Su medida será la altura de nuestra propia humanidad.
Por
ello, un primero paso es reconocer las cargas que soportan las mayorías, así
como lo vio Jesús en su pueblo (Mt 15,28) fruto de políticas discriminatorias.
Otro es la apuesta por el camino de la justicia y la verdad (Mt 21,31), a
diferencia de quienes optan por la violencia (Lc 20,19) y el autoritarismo (Lc
9,54) para sostenerse en el poder. Pero ¿será que hacemos caso a líderes que,
como en otrora, actúan como ciegos que guían a otros ciegos (Mt 15,12)?
Así
como nosotros, también Jesús se preguntó qué es lo que Dios quiere y puede
proveer en una sociedad fracturada y desesperanzada. La respuesta no la
encontró en los políticos de turno, sino en los profetas: «algo espantoso ha
ocurrido en este país y mi pueblo tan campante» (Jer 5,30-31), mientras «la
maldad no tiene límites» (Jer 5,28). «¿Es que acaso no buscan tus ojos la
verdad?» (Jer 5,3), «no ves que el salario no alcanza para subsistir» y la
«inseguridad reina» (Zac 8,10). «¿Sabremos discernir lo que sucede a nuestro
alrededor?» (Lc 12,56-57).
Dios
no quería lo que sucedía ni proveía su favor al poderoso o al victimario. Estos
pensaban en el propio beneficio mientras la gran mayoría padecía sufrimientos.
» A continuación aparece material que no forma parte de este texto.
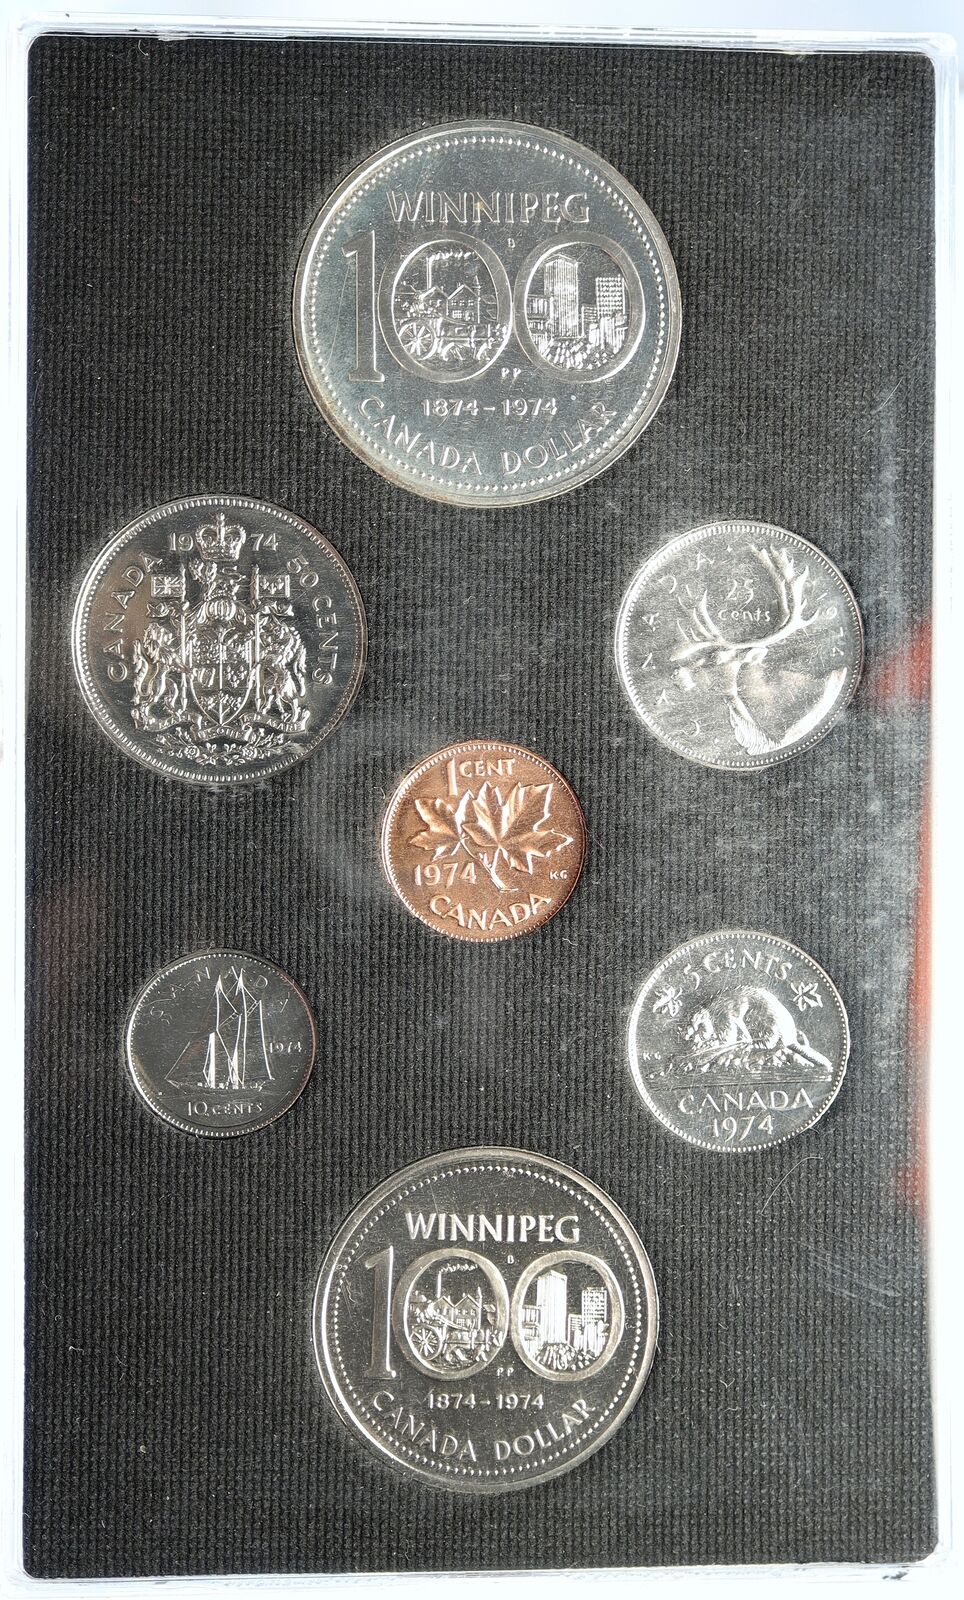 1974 CANADA Queen Elizabeth II Winnipeg 100 Set of 7 Coins - 1 is Silver i112737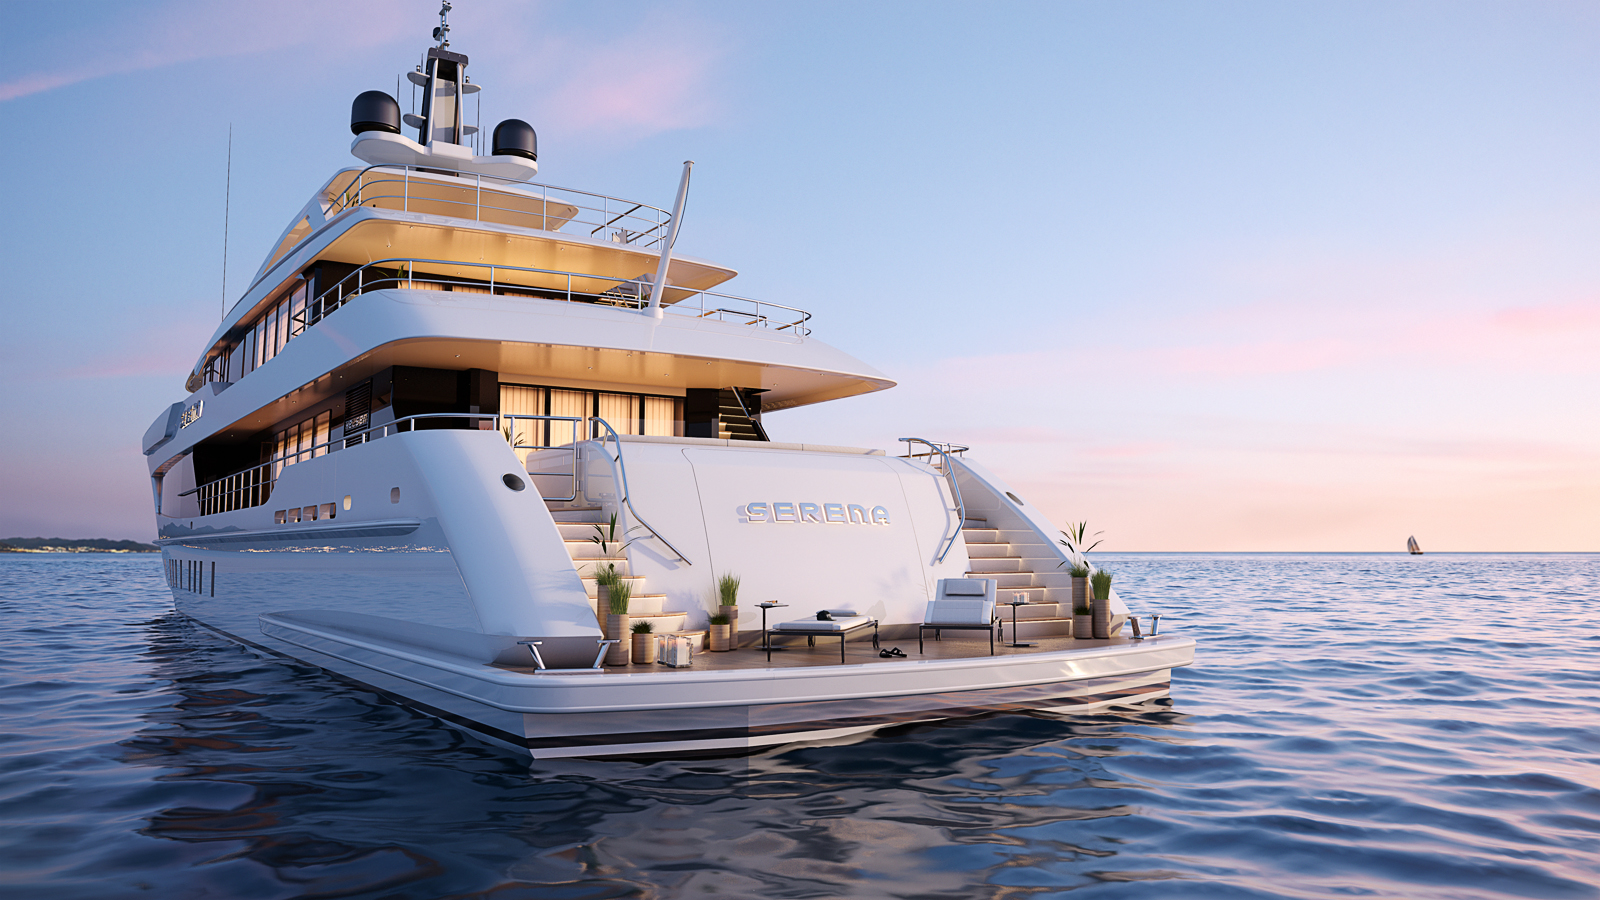 heesen yachts yachting superyacht interior exterior luxury luxurious buy sale

Jesús denunció todo esto usando parábolas, contando cómo muchos tenían que ir a
las plazas a sortear un día de trabajo (Mt 20,1) y había hambre (Lc 16,19-21),
mientras que la indolencia crecía (Lc 11,5-7). Clamaba: ¿hasta dónde llega la
indolencia? ¿es que no se quiere la paz? (Lc 19,41-42).
Muchos
conflictos son producidos por dos tipos de personas. Primero, aquellos que
absolutizan credos religiosos o adhesiones ideológicas por encima de cada
persona concreta y sus necesidades reales. Segundo, los que con su indolencia e
indiferencia permiten que las cosas sigan empeorando cada vez más. La historia
parece repetirse. Tanto que nos asombra encontrar a un corazón compasivo (Lc
10,36-37) a quien le duela lo que sucede (Lc 18,18) y reaccione sin dejarse
corromper por el poder o el dinero.
Debemos
recuperar el discurso de la justicia social por la vía de la paz y la praxis de
la solidaridad fraterna (Mt 5,6.9-10). Para ello, es indispensable que
desabsoluticemos las propias ideologías y los credos que nos separan y
polarizan, e impiden que reconozcamos lo mal que estamos. Jesús nunca apoyó una
revolución política o religiosa. Sabía sus consecuencias. Pero sí impulsó
procesos de cambio social y cultural porque entendió que sólo «habría paz si se
siembra» (Zac 8,12) y «de su construcción dependería nuestro desarrollo humano»
(Mt 5,9).
En
nuestro contexto no es Dios quien hará los cambios necesarios. No somos
marionetas de un destino improvisado, pero tampoco esclavos de una ideología.
No perdamos la esperanza presente mientras nos roban el futuro.